Why file count affects query startup

Before reading rows, a Delta engine must determine the current snapshot and which files or row groups can be skipped. With a long log and hundreds or thousands of cloud files, that planning work can require many object-store requests before the data scan begins.

Enable Meta Store for a table

Register the mirror and opt the table into automatic Meta Store use:

ALTER TABLE analytics.sales.orders
SET TBLPROPERTIES (
    'delta.forge.metastore.enabled' = 'true'
);

CREATE METASTORE 'analytics.sales.orders';
The initial hydration reads the Delta history and active Parquet footers. The table property keeps the accelerated path aligned with table changes.

What changes at query time

The planner can fetch the active file set, row groups, deletion vectors and column statistics as an Arrow payload from the control plane. It prunes the plan from that metadata, then reads only the selected Parquet data from cloud storage.

Refresh or rebuild when needed

ALTER METASTORE 'analytics.sales.orders'
REFRESH MODE = INCREMENTAL;
An explicit incremental refresh catches up from the last mirrored version.

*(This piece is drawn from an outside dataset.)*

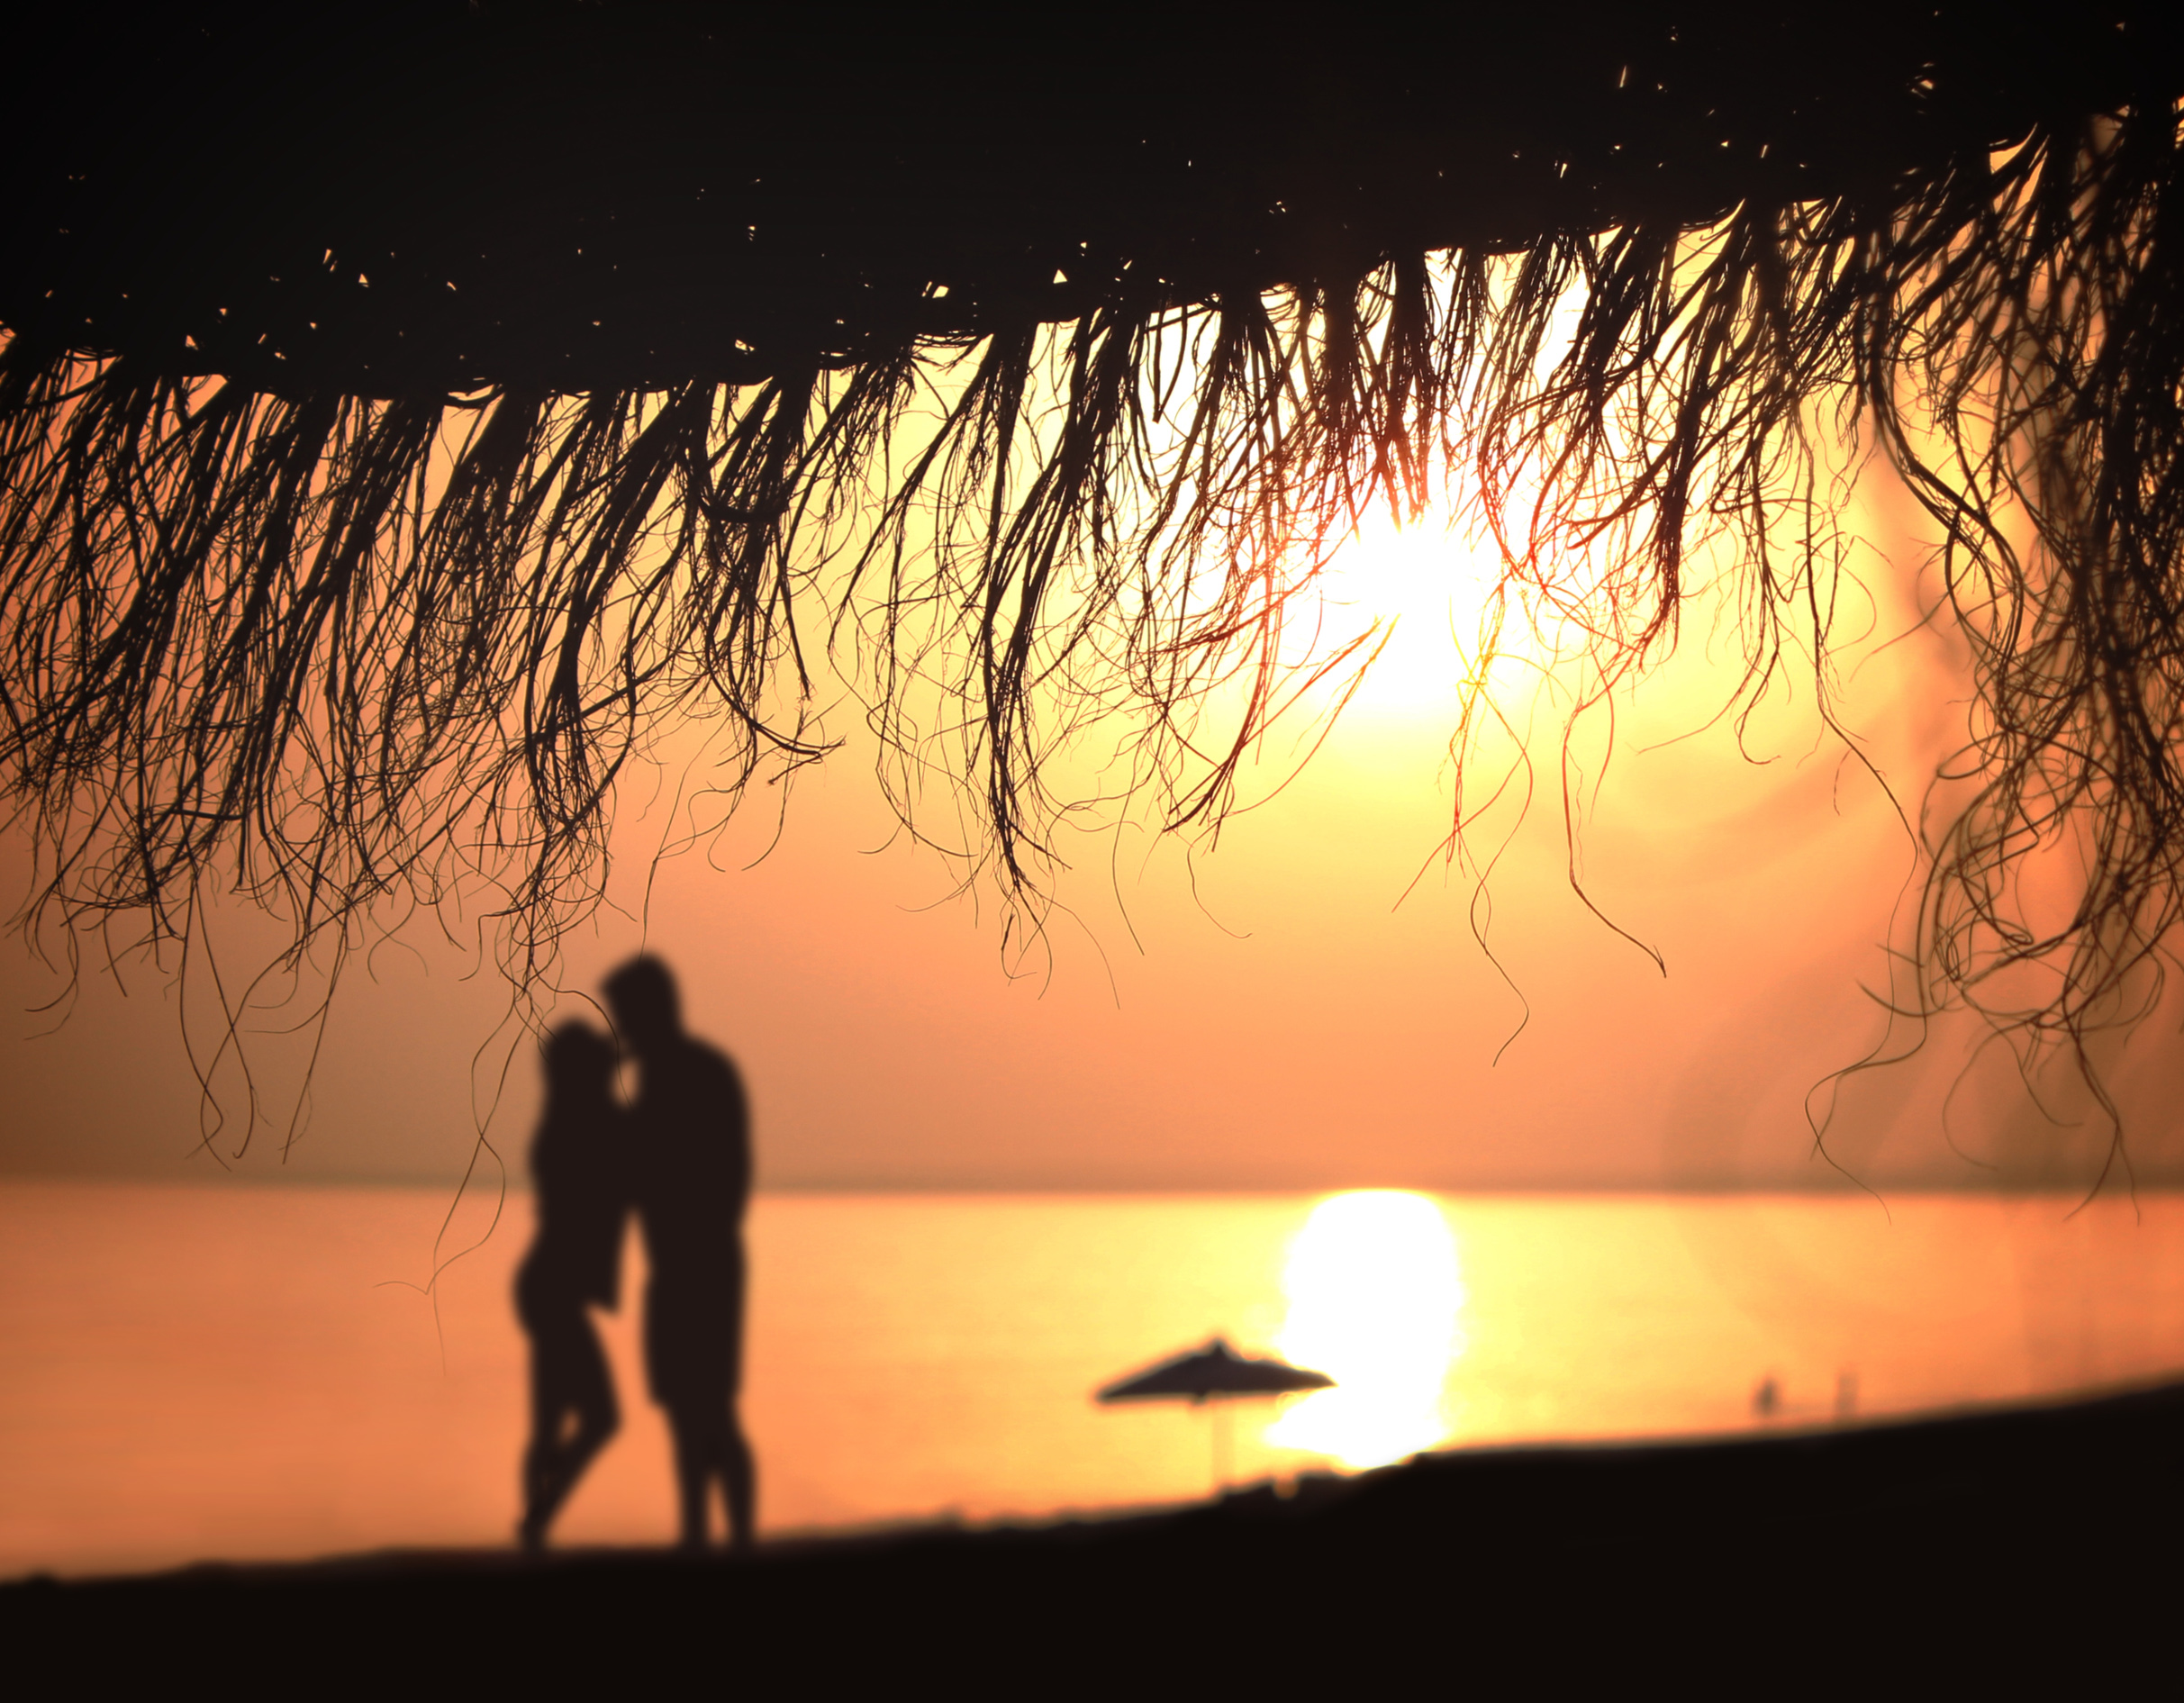 Under the umbrella - A couple kisses, Active, Relaxation, Secluded, Seascape, HQ Photo

Use a full refresh to rebuild the mirror from the authoritative Delta log:

ALTER METASTORE 'analytics.sales.orders'
REFRESH MODE = FULL;

Inspect the mirror

SHOW METASTORE 'analytics.sales.orders';

SHOW METASTORE STATS 'analytics.sales.orders';

SHOW METASTORE FILES 'analytics.sales.orders';
Check the cached version, file count, total size and whether the current session has activated its plan cache.

When it is useful

  • Delta tables on S3, ADLS Gen2 or GCS.
  • Tables with many active files or row groups.
  • Long-running tables with frequent commits.
  • Interactive BI workloads and multiple compute nodes.

Small tables on local storage may not benefit enough to justify the extra database state and refresh operation.

The result

Meta Store does not replace Delta Lake. The Delta log remains the source of truth while repeated planning work is served from an indexed database representation shared by the compute nodes.